The appeal is being pressed by Abigail Fisher, a rejected white applicant to the University of Texas at Austin. The university uses a hybrid system that combines racial preferences with a rule that guarantees admission to Texans who graduate in the top 10 percent of their high school class.
The composition of the Supreme Court has changed since 2003, most notably through the retirement of the earlier ruling’s author, Sandra Day O’Connor, and the appointment of Samuel Alito to succeed her. Alito was in the majority in a 2007 decision that put new limits on public school integration efforts.
‘Anxiety and Nervousness’
Among affirmative action backers, “there is a certain amount of anxiety and nervousness about the UT case,” said Sherrilyn Ifill, a professor at the University of Maryland School of Law in College Park.
The broadcasting case, likely to be argued in January, is perhaps the most significant of the court’s business cases. The court will decide whether federal regulators are violating the Constitution by imposing fines for on-air profanities and nudity. The case involves expletives uttered on two Fox network award shows and a scene with a naked woman on ABC’s “NYPD Blue.”

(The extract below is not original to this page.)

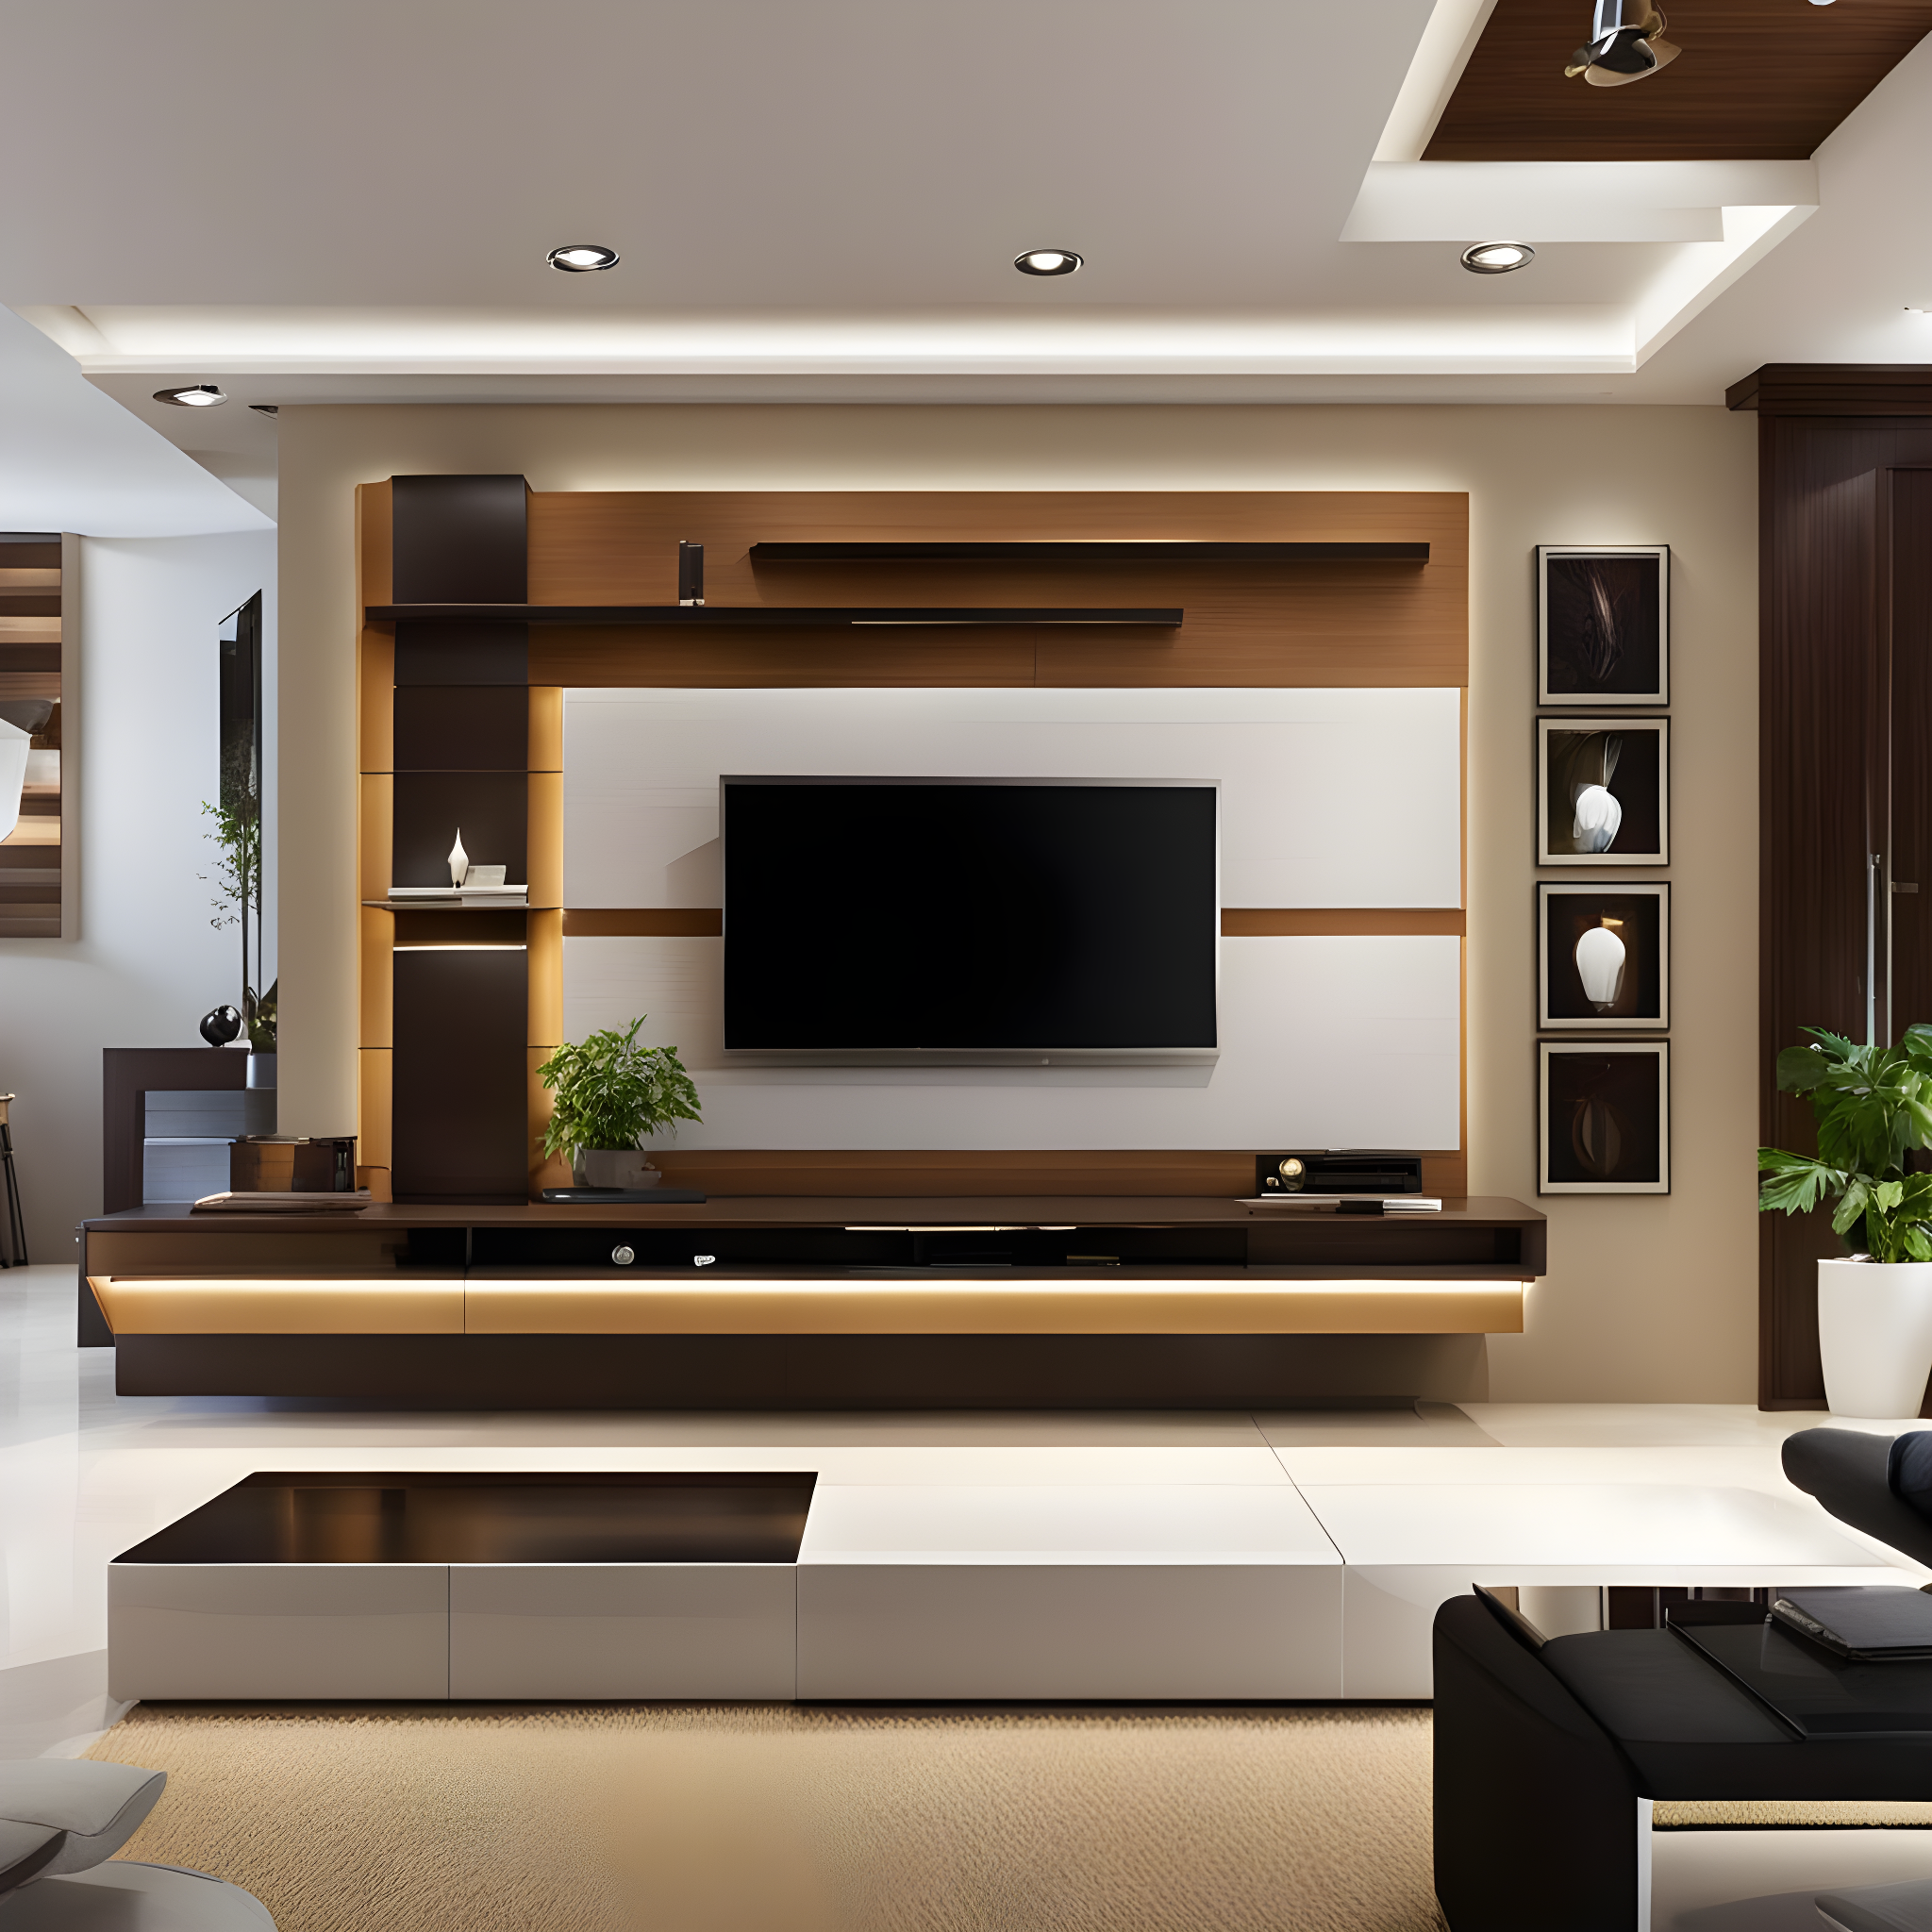 EST INTERIOR DESIGNERS IN REVIEWS WHITEFIELD, BANGALORE
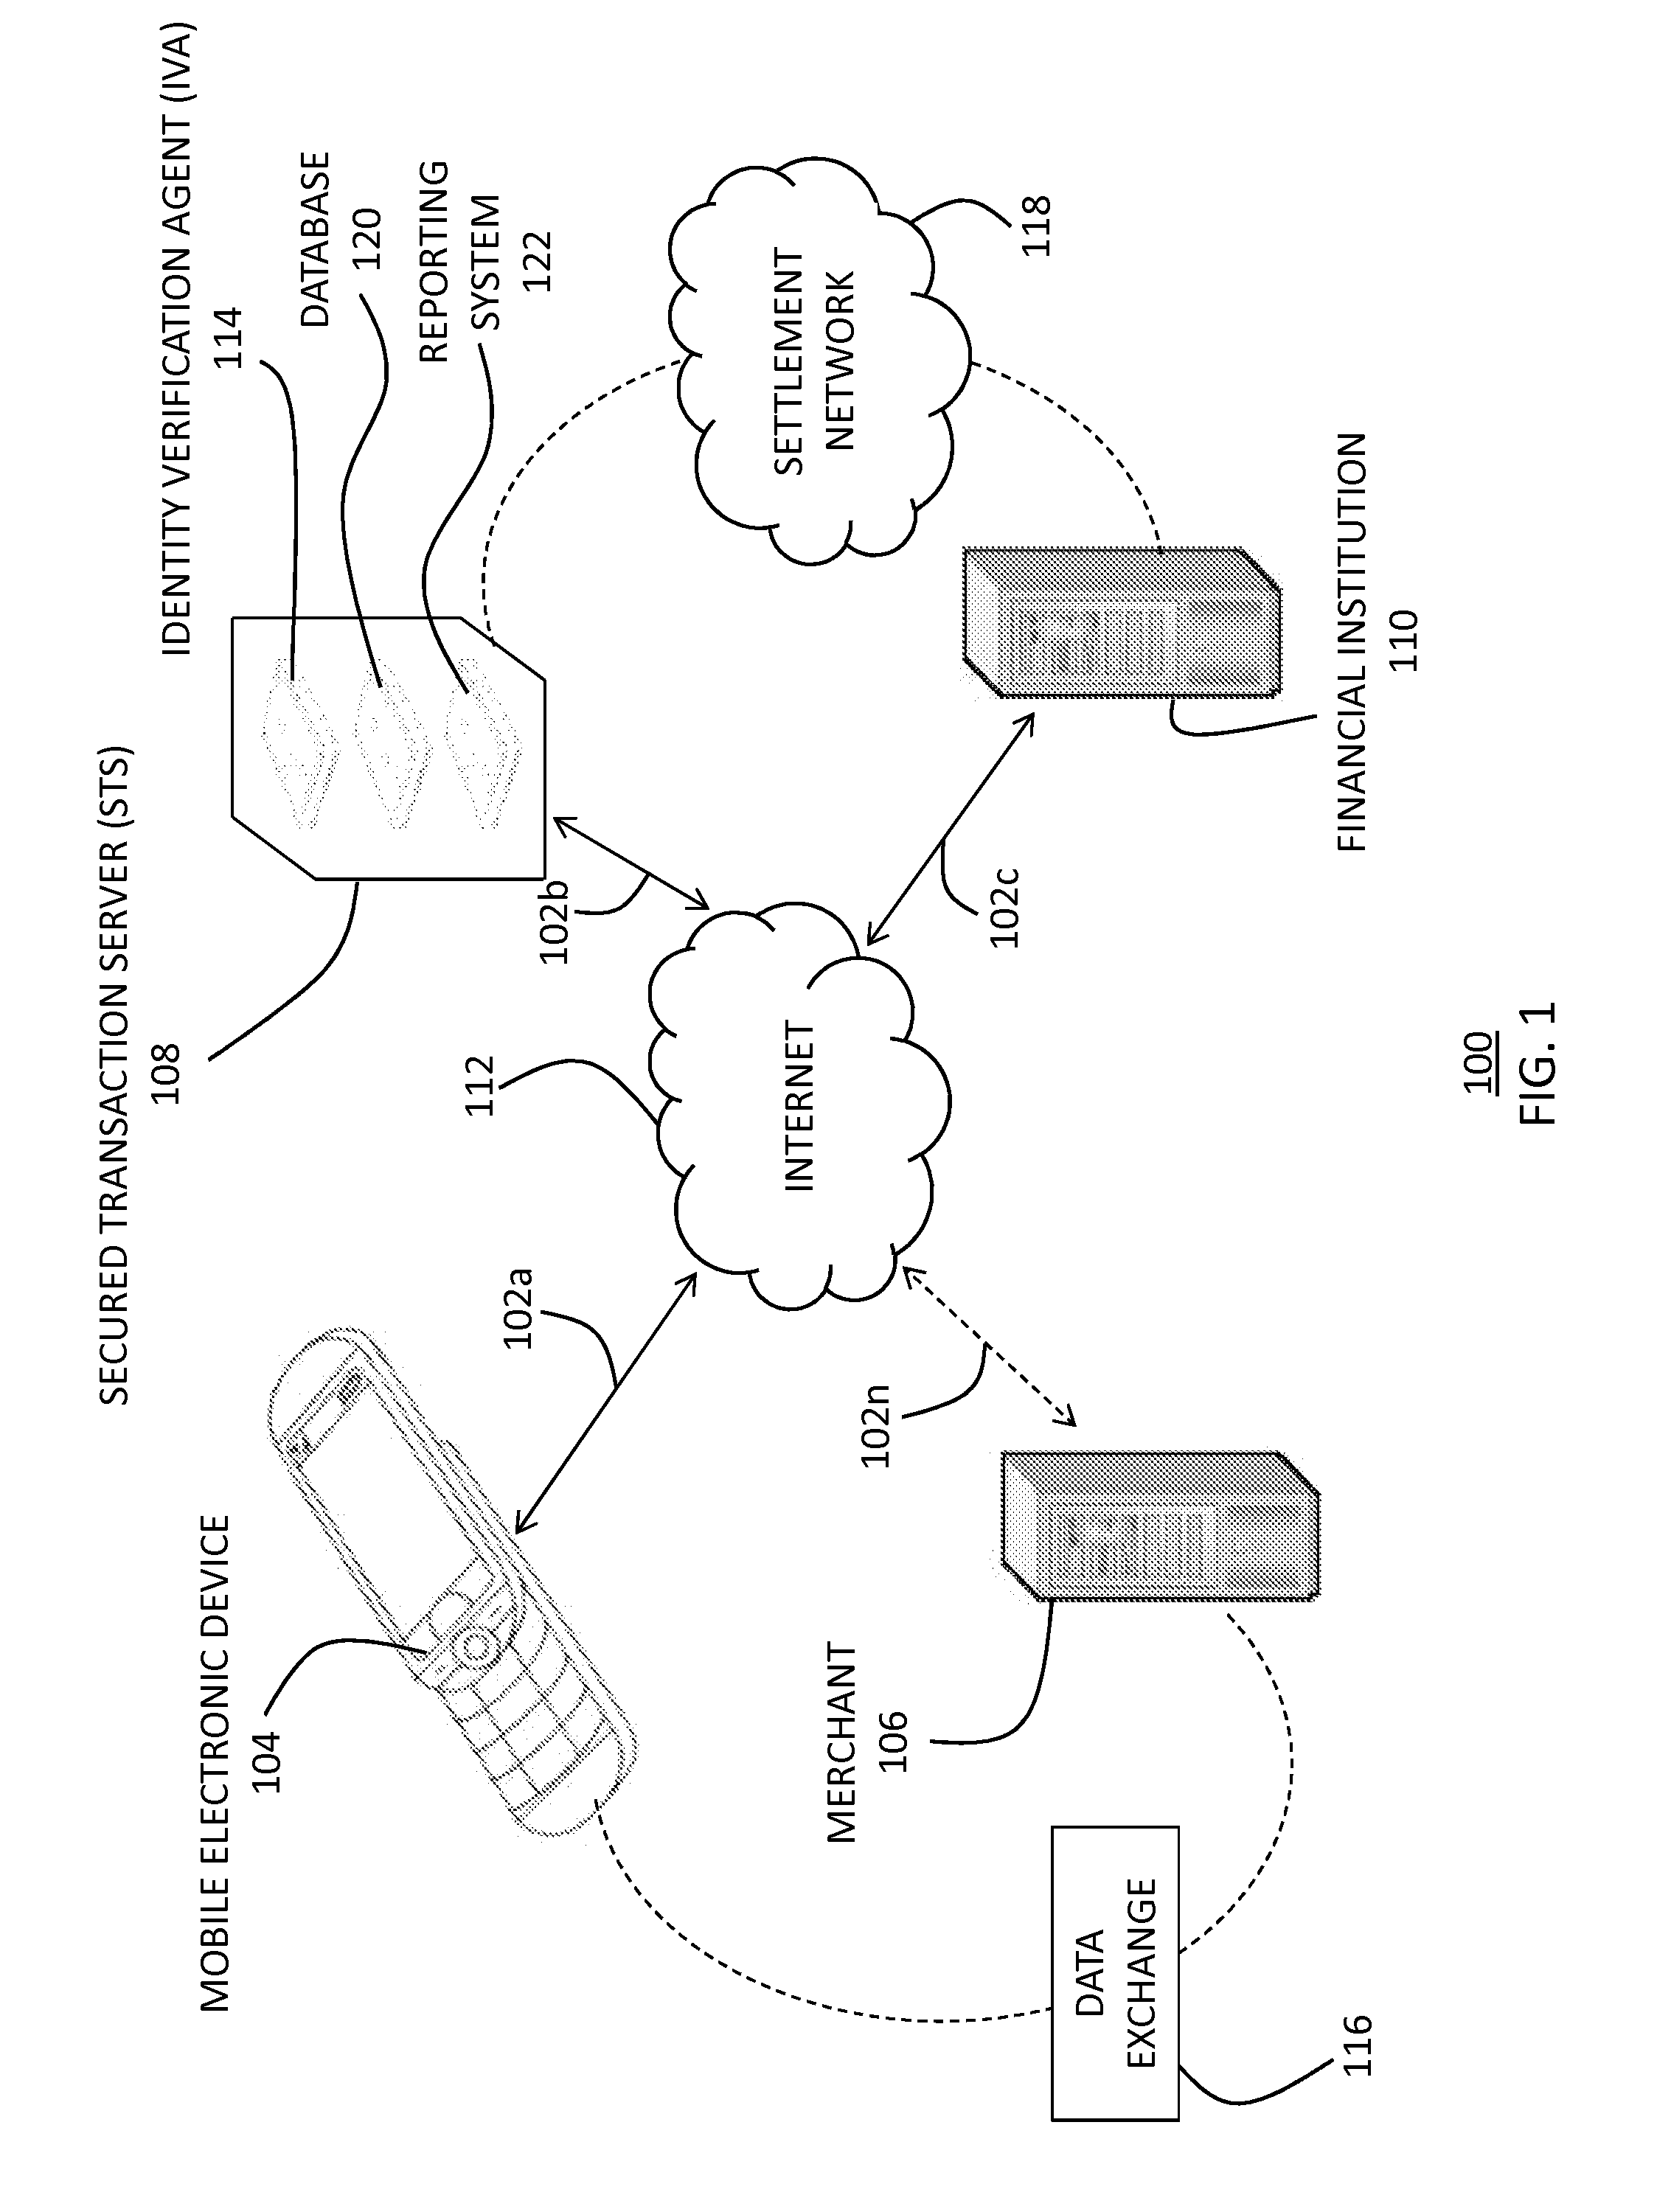 Method for verifying a consumer's identity within a consumer/merchant transaction

News Corp. (NWS)’s Fox and Walt Disney Co. (DIS)’s ABC are asking the court to overturn decades-old rulings that give the Federal Communications Commission more authority to regulate programming on broadcast stations than on cable or satellite.
The networks have reason for optimism, said John Elwood, a Washington appellate lawyer at Vinson & Elkins LLP. In an earlier phase of the litigation, several justices pointed to First Amendment concerns about the FCC crackdown. And in its most recent term, the justices ruled in favor of speech rights in four cases.
Government lawyers “have something of an uphill battle” in defending the policy, said Elwood, a former law clerk to Justice Anthony Kennedy.
In another case, the question is whether police need a warrant before they can place a tracking device on a car to monitor a criminal suspect’s movements over the course of weeks.
The case will mark the first time the high court has considered how the constitutional ban on unreasonable searches applies to global positioning systems, better known as GPS devices. The case is set for argument Nov. 8.
Other cases already on the docket involve the deadlines for filing some securities-fraud suits, patent protection for diagnostic medical tests and strip-searches of newly arrested people.
“Not a lot of the cases are all that sexy at the moment, but there’s some pretty significant stuff on the horizon,” Elwood said.